In describing Gainesville's pace of life, its relative affordability and its cultural offerings, my friend EB used the term “velvet rut,” which I hadn’t heard before, and which lends itself to a hacky joke about adult film names.
“The velvet rut” is in fact a slight pejorative, applied to various college towns and mid-sized cities with just enough going on socially to keep an ambitious creative person rooted in place. The thinking goes, you’re (probably) never going to achieve major national artistic success while living in Charlottesville or Ithaca or Eugene or Gainesville, but the rent is cheap, the vibe is progressive, and there’s always a cool band playing downtown. Why leave?
Coming off my unsustainable no-strings summer, I worried that a committed, monogamous relationship might itself become a velvet rut that eventually turns to miserable burlap.
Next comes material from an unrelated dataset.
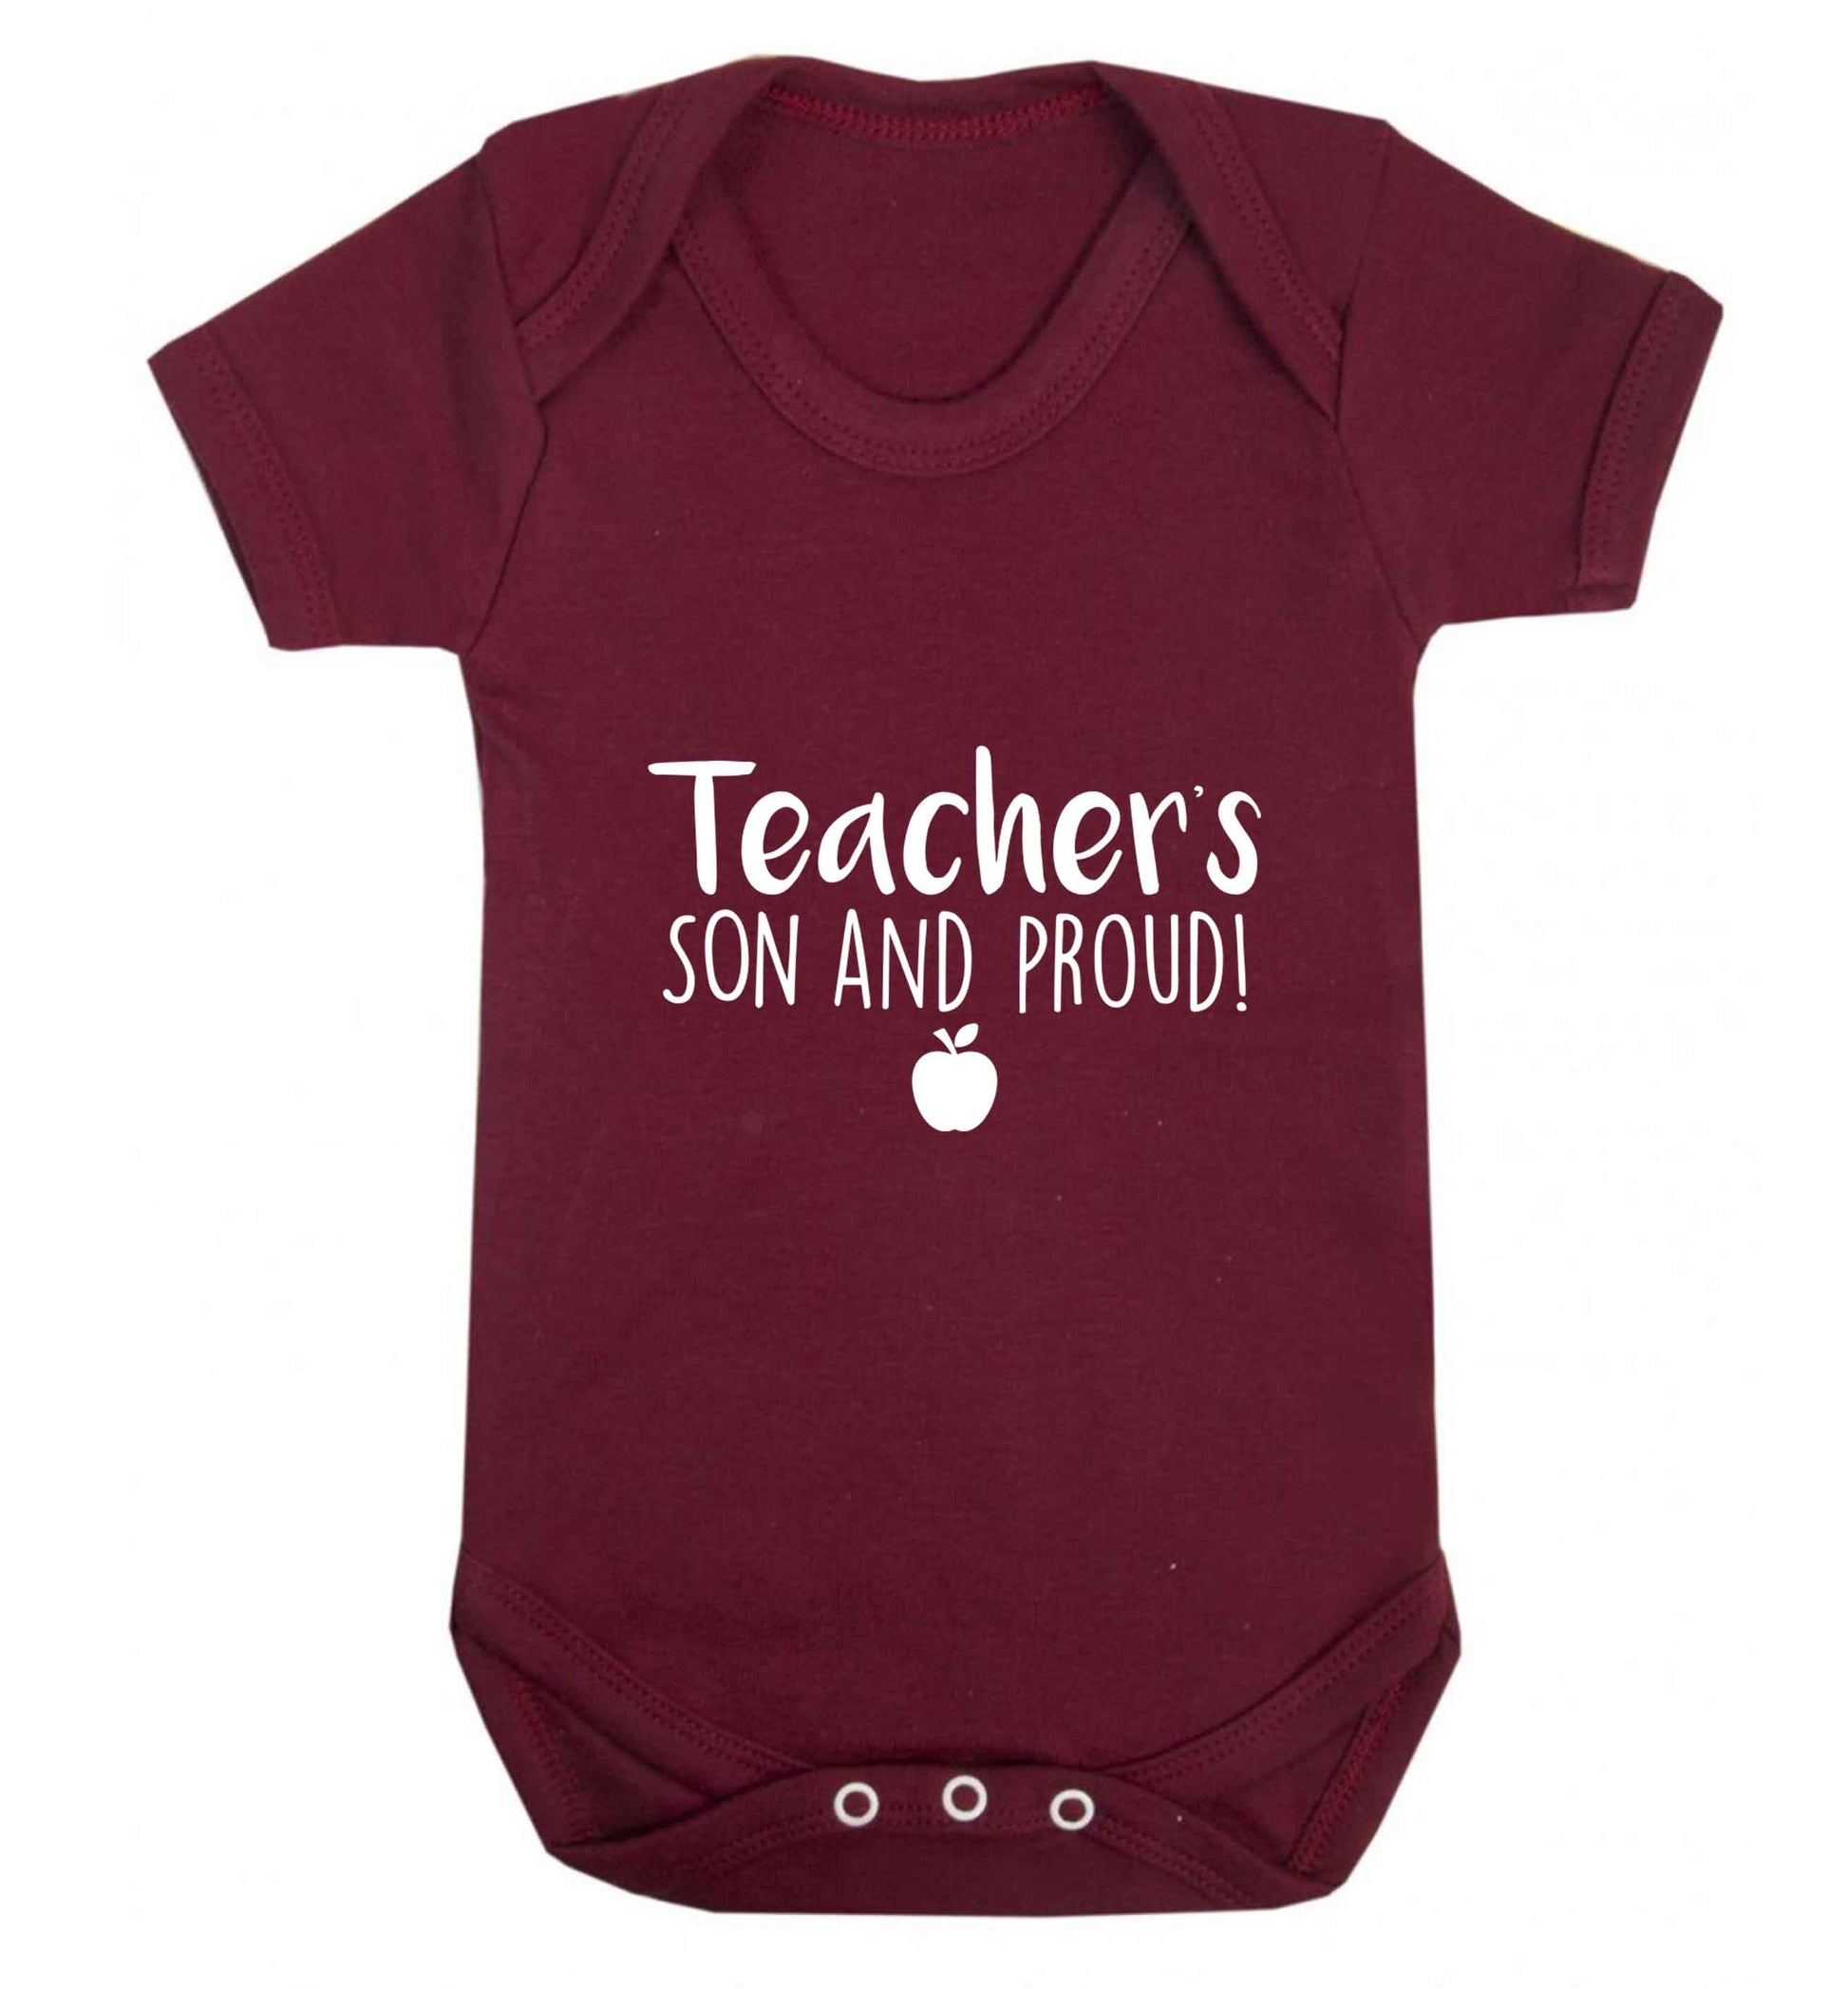 Teachers son and proud baby vest maroon 18-24 months
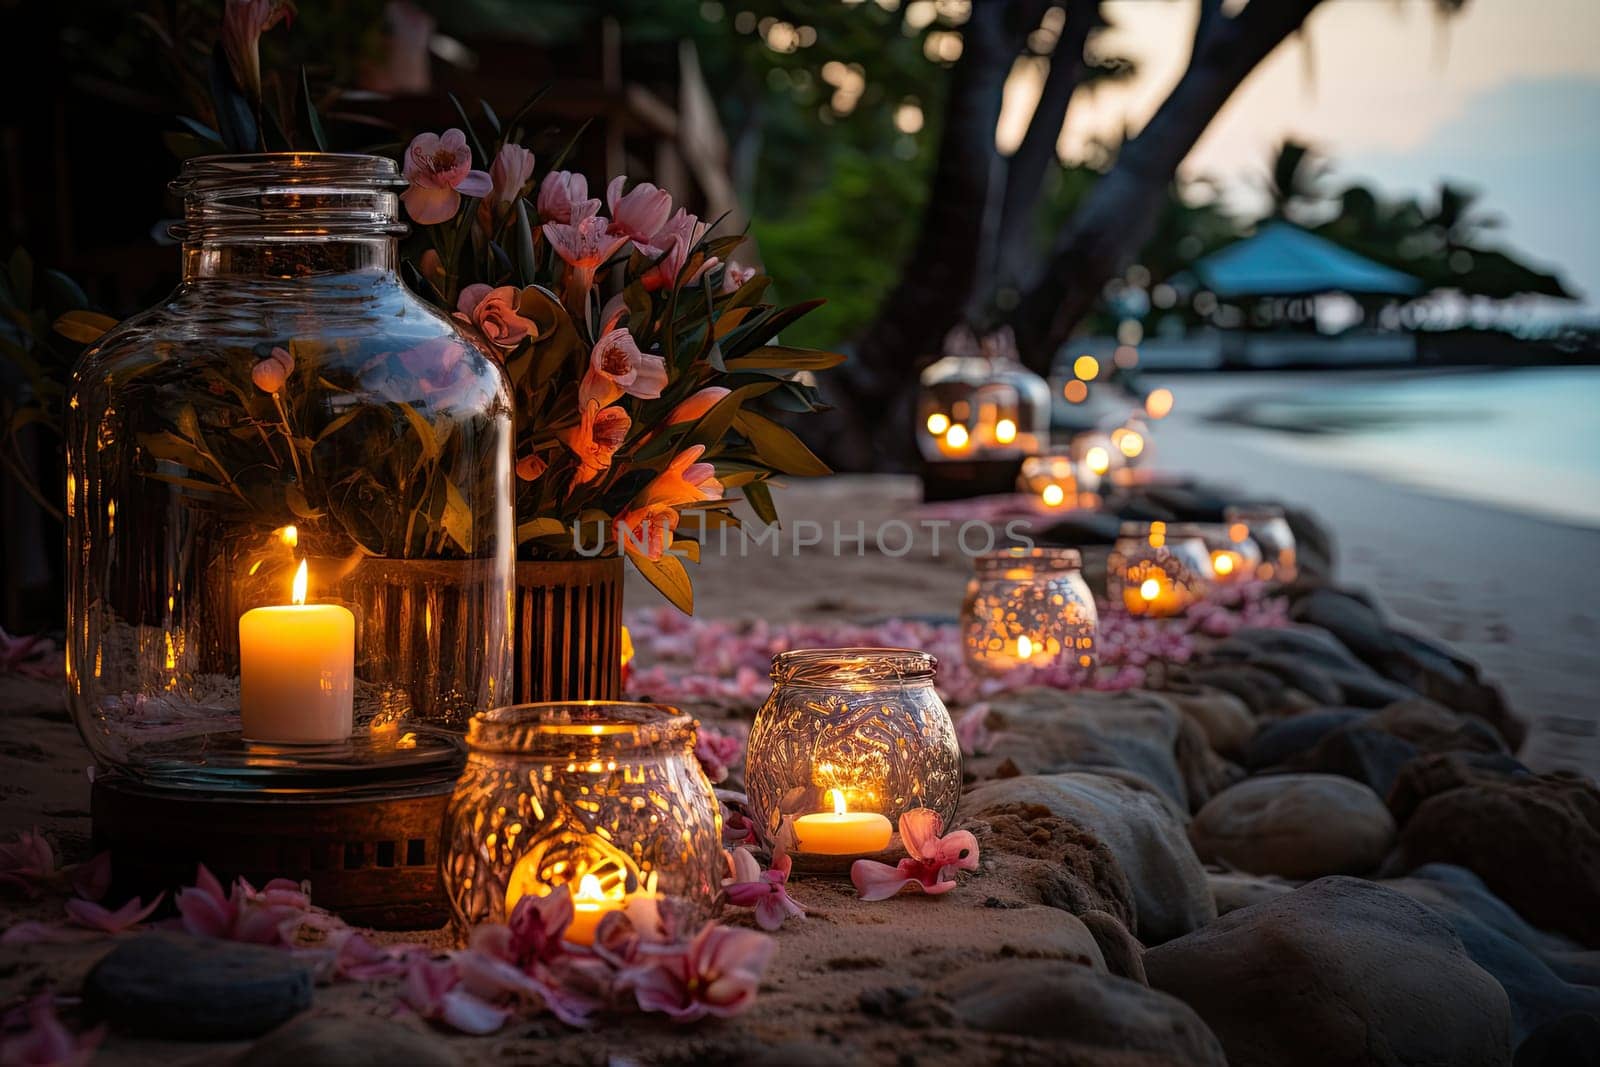 A Serene Beach Sunset Illuminated by a Row of Flickering Candles

Several years prior, I’d filled the rut of my dead marriage with gasoline and set it on fire.
I’m now four years into my relationship with this man, no longer looking at Gainesville from the perspective of a tourist. Most of the time I’m with him, I’m at his dining room table or on his big sofa with his dog, working on my writing projects while he works on his, leaving for the occasional walk or to pick up provisions for dinner cooked at home in his well-stocked kitchen, which is roughly the size of my entire New York apartment. There are plenty of regional attractions still on the list – the state park beach in St. Augustine, the mermaid show at Weeki Wachee Springs - and if this is a velvet rut, I’m settling in.